And so people say to me, "How do I know if a word is real?" You know, anybody who's read a children's book knows that love makes things real. If you love a word, use it. That makes it real. Being in the dictionary is an artificial distinction. It doesn't make a word any more real than any other way. If you love a word, it becomes real. So if we're not worrying about directing traffic, if we've transcended paper, if we are worrying less about control and more about description, then we can think of the English language as being this beautiful mobile. And any time one of those little parts of the mobile changes, is touched, any time you touch a word, you use it in a new context, you give it a new connotation, you verb it, you make the mobile move. You didn't break it. It's just in a new position, and that new position can be just as beautiful.
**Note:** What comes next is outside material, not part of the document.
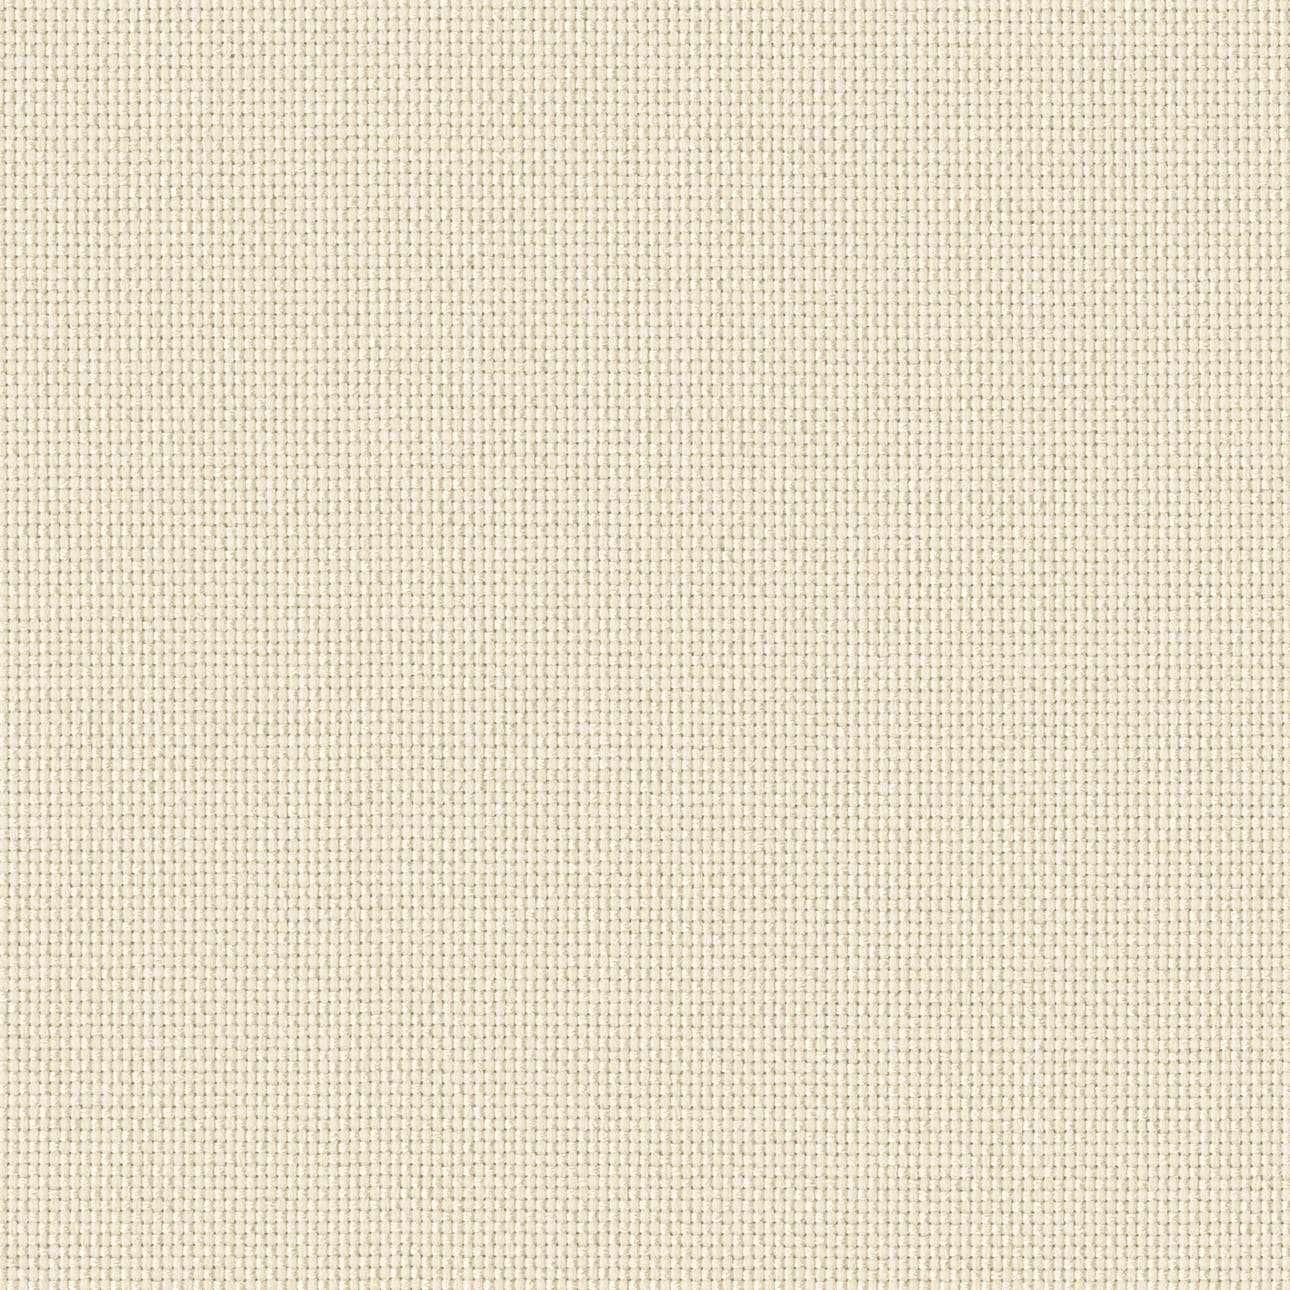 Bezug für Beddinge Sofa, lang von der Kollektion Living, Stoff: 161-48
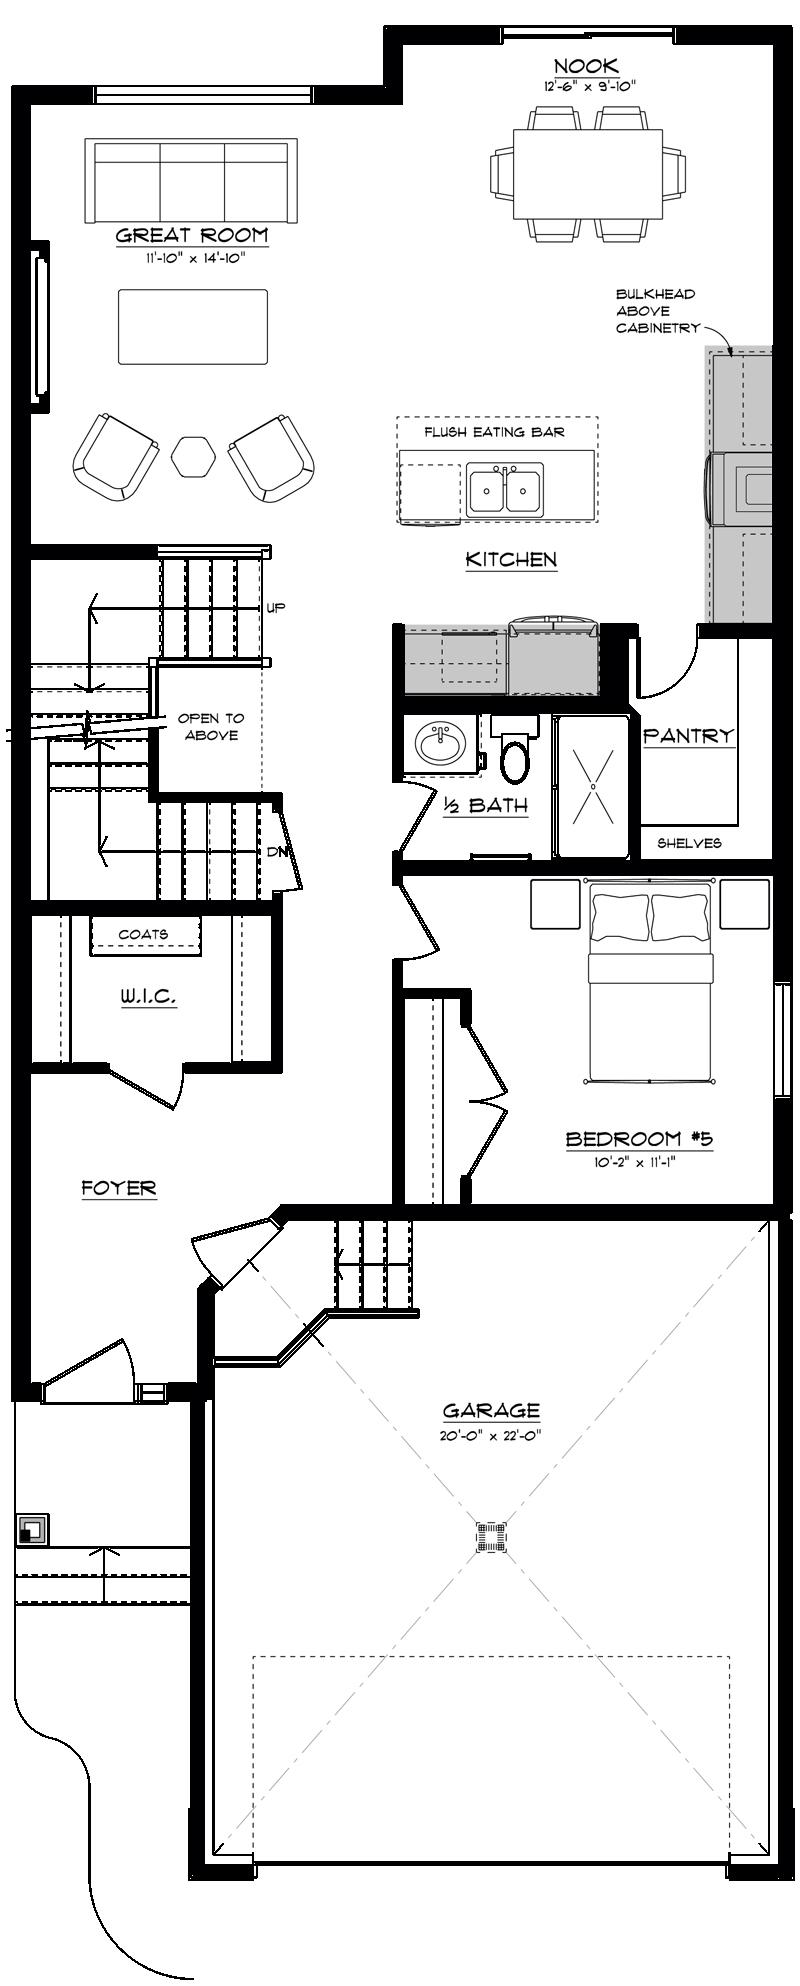 Floor Plan - Main floor bedroom

Now, if you're no longer a traffic cop -- the problem with being a traffic cop is there can only be so many traffic cops in any one intersection, or the cars get confused. Right? But if your goal is no longer to direct the traffic, but maybe to count the cars that go by, then more eyeballs are better. You can ask for help! If you ask for help, you get more done. And we really need help. Library of Congress: 17 million books, of which half are in English. If only one out of every 10 of those books had a word that's not in the dictionary in it, that would be equivalent to more than two unabridged dictionaries.
And I find an un-dictionaried word -- a word like "un-dictionaried," for example -- in almost every book I read. What about newspapers? Newspaper archive goes back to 1759, 58.1 million newspaper pages. If only one in 100 of those pages had an un-dictionaried word on it, it would be an entire other OED. That's 500,000 more words. So that's a lot. And I'm not even talking about magazines. I'm not talking about blogs -- and I find more new words on BoingBoing in a given week than I do Newsweek or Time. There's a lot going on there.
And I'm not even talking about polysemy, which is the greedy habit some words have of taking more than one meaning for themselves. So if you think of the word "set," a set can be a badger's burrow, a set can be one of the pleats in an Elizabethan ruff, and there's one numbered definition in the OED. The OED has 33 different numbered definitions for set. Tiny, little word, 33 numbered definitions. One of them is just labeled "miscellaneous technical senses." Do you know what that says to me? That says to me, it was Friday afternoon and somebody wanted to go down the pub. (Laughter) That's a lexicographical cop out, to say, "miscellaneous technical senses."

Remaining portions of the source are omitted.